■ **RAW DATA**:
BEGIN

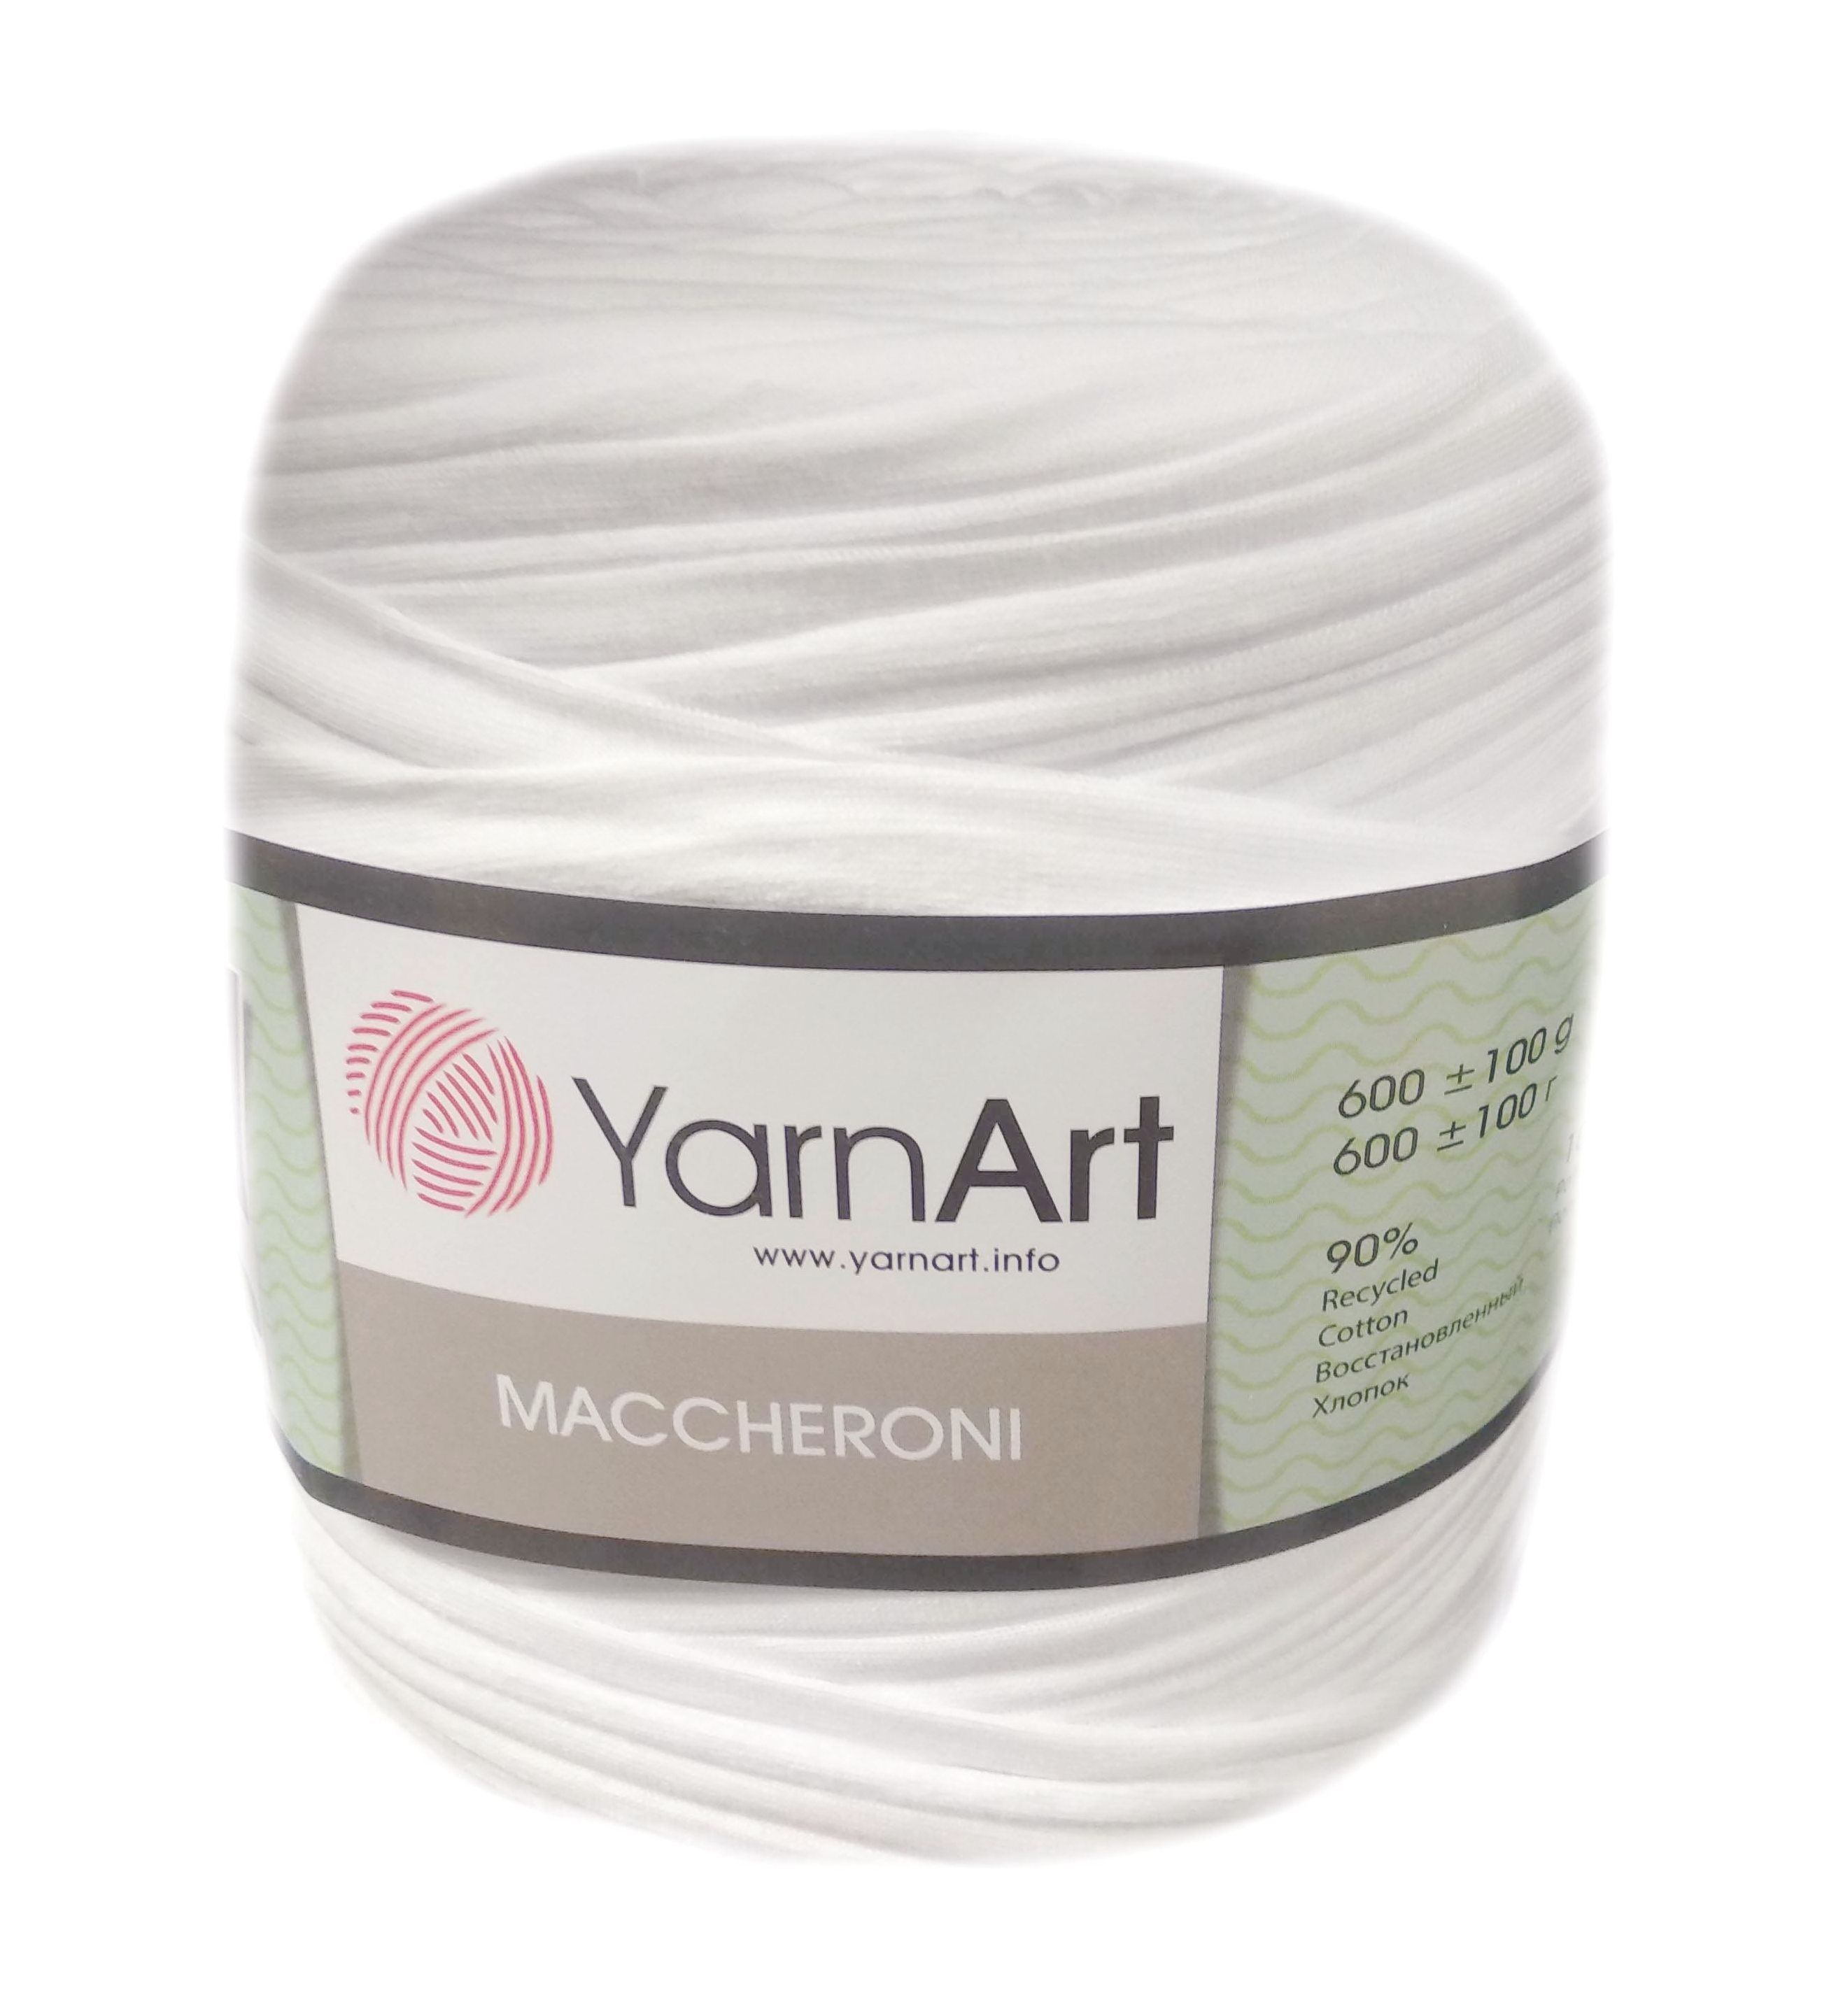 YarnArt MACCHERONI, fehér póló fonal.Tű 12-15 mm.
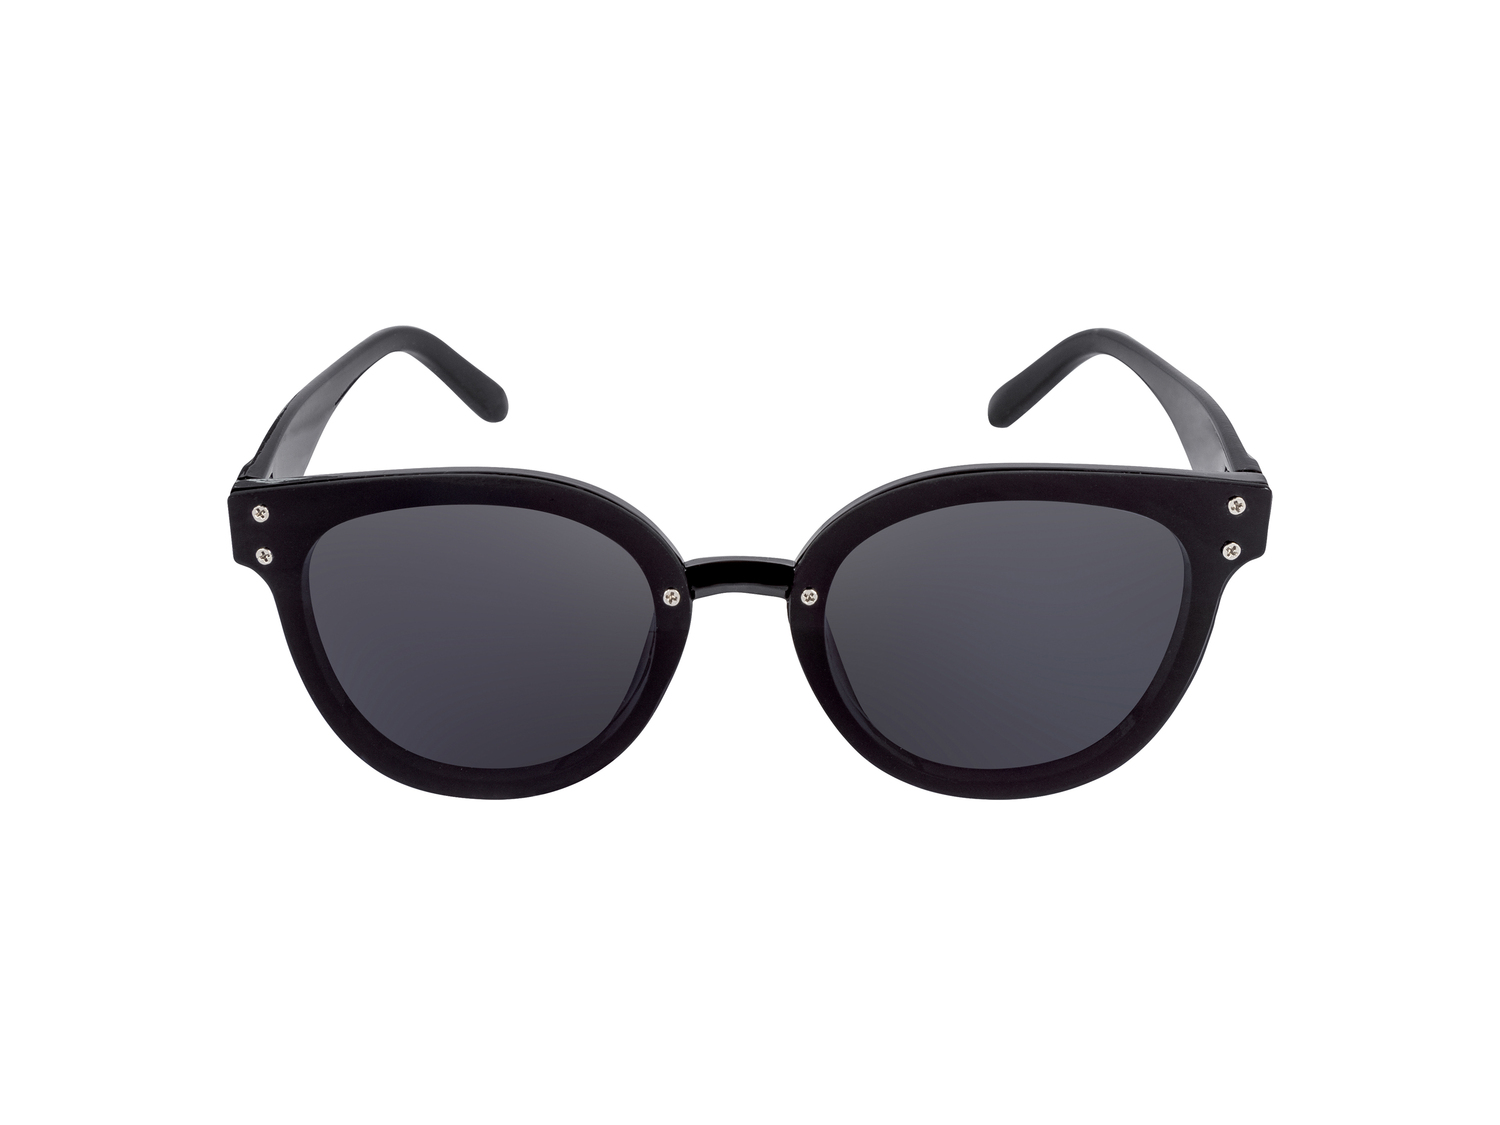 Occhiali da sole Auriol Eyewear, prezzo 2.99 &#8364; 

Caratteristiche

- 3 ...

END

■ **WHAT YOU SHOULD DO**: Could you restate exactly the lines from the line containing "Occhiali da sole" through the end of the listing, both ends included and nothing else, leaving the images out?

■ **WORKED SOLUTION**:
 Occhiali da sole Auriol Eyewear, prezzo 2.99 &#8364; 

Caratteristiche

- 3 ...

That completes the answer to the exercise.